Map of the Bunda and Serengeti districts showing coordinates in villages where tuberculin and questionnaire survey was conducted 1: Bunda district headquarter (HQ); 2: Serengeti district headquarter (HQ). Source: Map data @2014, Google.

Figure 3

Map of the Ngorongoro conservation area showing coordinates where single intradermal comparative tuberculin test and questionnaire survey was conducted. Source: Map data @2014, Google.

Ethical consideration

This study was approved by the National Institute of Medical Research (NIMR), Tanzania (Reference number NIMR/HQ/R.8a/Vol.IX/1299).

Data analysis

The data from the questionnaire were entered and analysed using SPSS for Windows (version 17.0. SPSS, Inc., Chicago, IL, USA). The apparent prevalence of bovine tuberculosis was defined as the number of positive reactors divided by the number of cattle in which the test was read. True prevalence was calculated based on formula described by Rogan and Gladen [35], TP = (AP + SP-1)/(SE + SP-1); where TP is true prevalence, AP the apparent prevalence, SE is sensitivity, and SP is specificity. Metaanalysis of sensitivity and specificity results that were used to calculate true prevalence were pooled from Amen et al. [36], Muller et al. [37] and Quirin et al. [38]. Based on these studies a sensitivity and specificity of 59% and 95% respectively were established and therefore used to calculate the true prevalence in this study.
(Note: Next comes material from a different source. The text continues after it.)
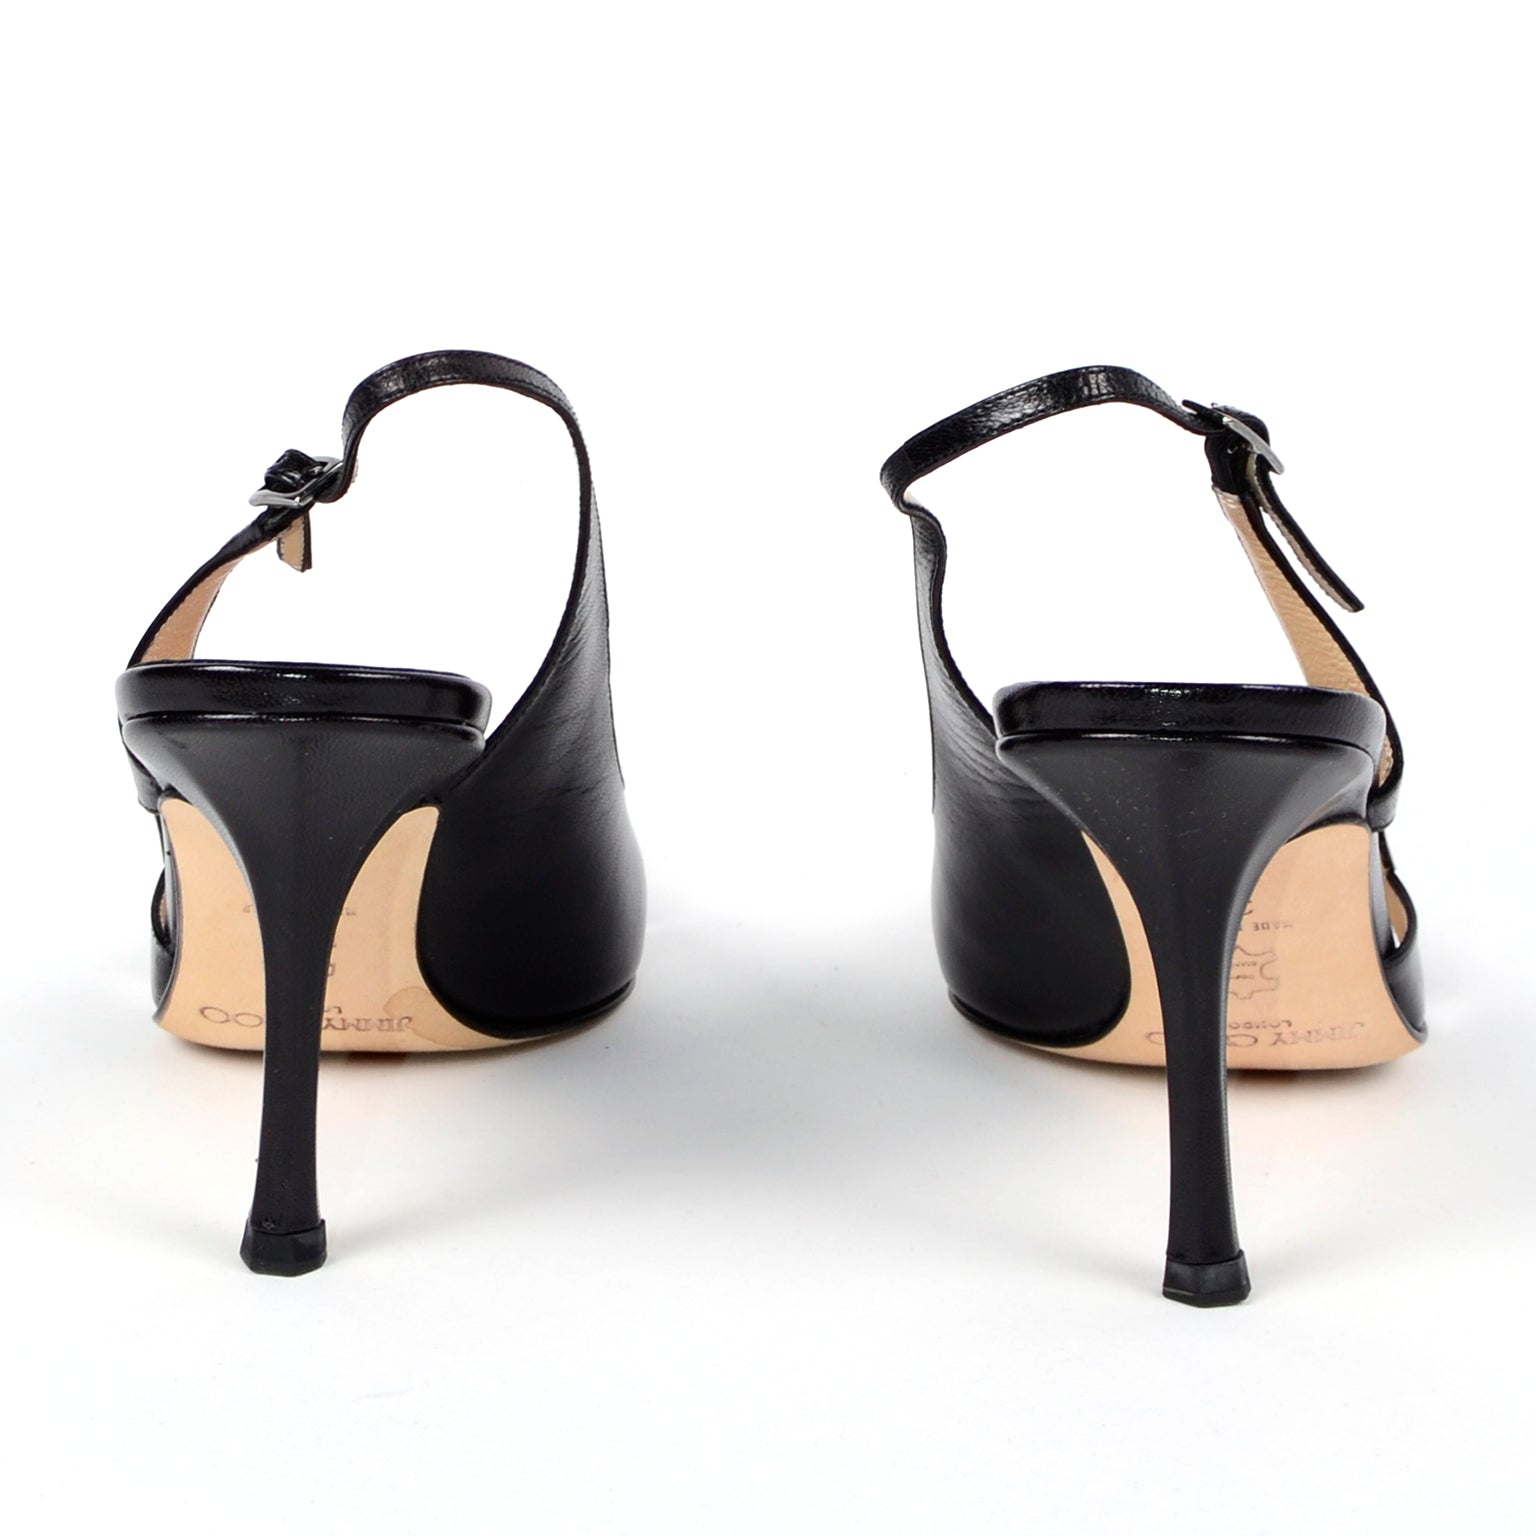 Buy Cleo White Heel Sling Back Sandal for Women at Amazon.in

The confidence interval for true and apparent prevalence was calculated at 95% using confidence interval for population proportion (Confidence Interval Calculator [version 4, November, 2002]; http://vl.academicdirect.org/applied_statistics/binomial_distribution/ref/CIcalculator.xls). Herd level prevalence was calculated as the number of herds with at least one-reactor positive animal divided by the total number of herds tested. General linear models was used to assess the association between the different risk factors (age, sex, herd size, location, size of household and animal tested) and results of single intradermal comparative tuberculin test (SICTT) of individual animals using STATA for Windows (version 12.0; StataCorp, 4905 Lakeway Drive College Station, Texas 77845 USA, 800-STATA-PC) with a p-value of <0.05 considered statistically significant. In both univariate and multivariate analysis, a random effect logistic regression analysis was performed with herd treated as a random effect to account for the difference in herd sizes and also for the fact that animals within herd could be considered as forming a cluster. In univariate analysis variables with p-value ≤ 0.25 [39] and those of known plausible biological contribution for bTB positivity were carried out for multivariate analysis. In multivariate analysis, a forward selection approach was then used to include variables from the model based on a likelihood ratio test. Descriptive statistics were used to test whether herds were normally distributed or not and non parametric test (Kruskal-Wallis Test) was used for prediction of prevalence by herds.

Results

A total number of 1111 cattle were screened for bovine tuberculosis. Eight (8) cattle were not found during follow up for the second reading after 72 hours. The apparent individual animal prevalence of tuberculin reactors was 2.4% (95% confidence interval (CI), 1.7 – 3.5%, whereas the true prevalence was 0.6% (95% CI), 0.6 – 0.7%. The apparent prevalence was comprised of 3.17% (12 out of 379) males and 2.07% (15 out of 724) females (Table 1). A herd prevalence of 50% (16 out of 32) was recorded and prevalence of individual herds varies and ranges from 0 to 9.5%. The prevalence of non-specific infection (atypical mycobacteria) was 10.6% (117 out of 1103).
Table 1

Univariate analysis of risk factors for cattle tuberculin reactors using General Linear models (GLM) with herd as random effect

Risk factors

Proportional% (No/total)

OR

95% CI

( p-value)

Sex

    

Female

2.07 (15/724)

1.00*

-

-

Male

3.17 (12/379)

1.53

0.714; 3.29

0.27

Age

    

<2 years

1.30 (3/231)

1.00*

-

-

2–4 years

3.6 (11/304)

11.10

1.449; 85.062

0.02

Over 4 years

2.3 (13/568)

4.96

0.642; 38.398

0.67

Location

    

Serengeti

2.64 (15/569)

1.00*

-

-

Ngorongoro

2.94 (11/374)

1.12

0.508; 2.464

0.78

Bunda

0.63 (1/160)

0.23

0.030; 1.772

0.16

Animal tested

    

1–20

3.5 (6/170)

1.00*

-

-

21–40

1.9 (5/265)

0.76

0.229; 2.545

0.66

≥ 41

2.4 (16/668)

0.81

0.292; 2.243

0.69

Household size

    

1–5

1.30 (2/154)

1.00*

-

-

6–10

2.4 (6/248)

1.12

0.369;3.413

0.84

> = 11

2.7 (19/701)

0.56

0.198;1.603

0.28

OR: Odds ration; CI: Confidence interval; p: p-value; *Reference level.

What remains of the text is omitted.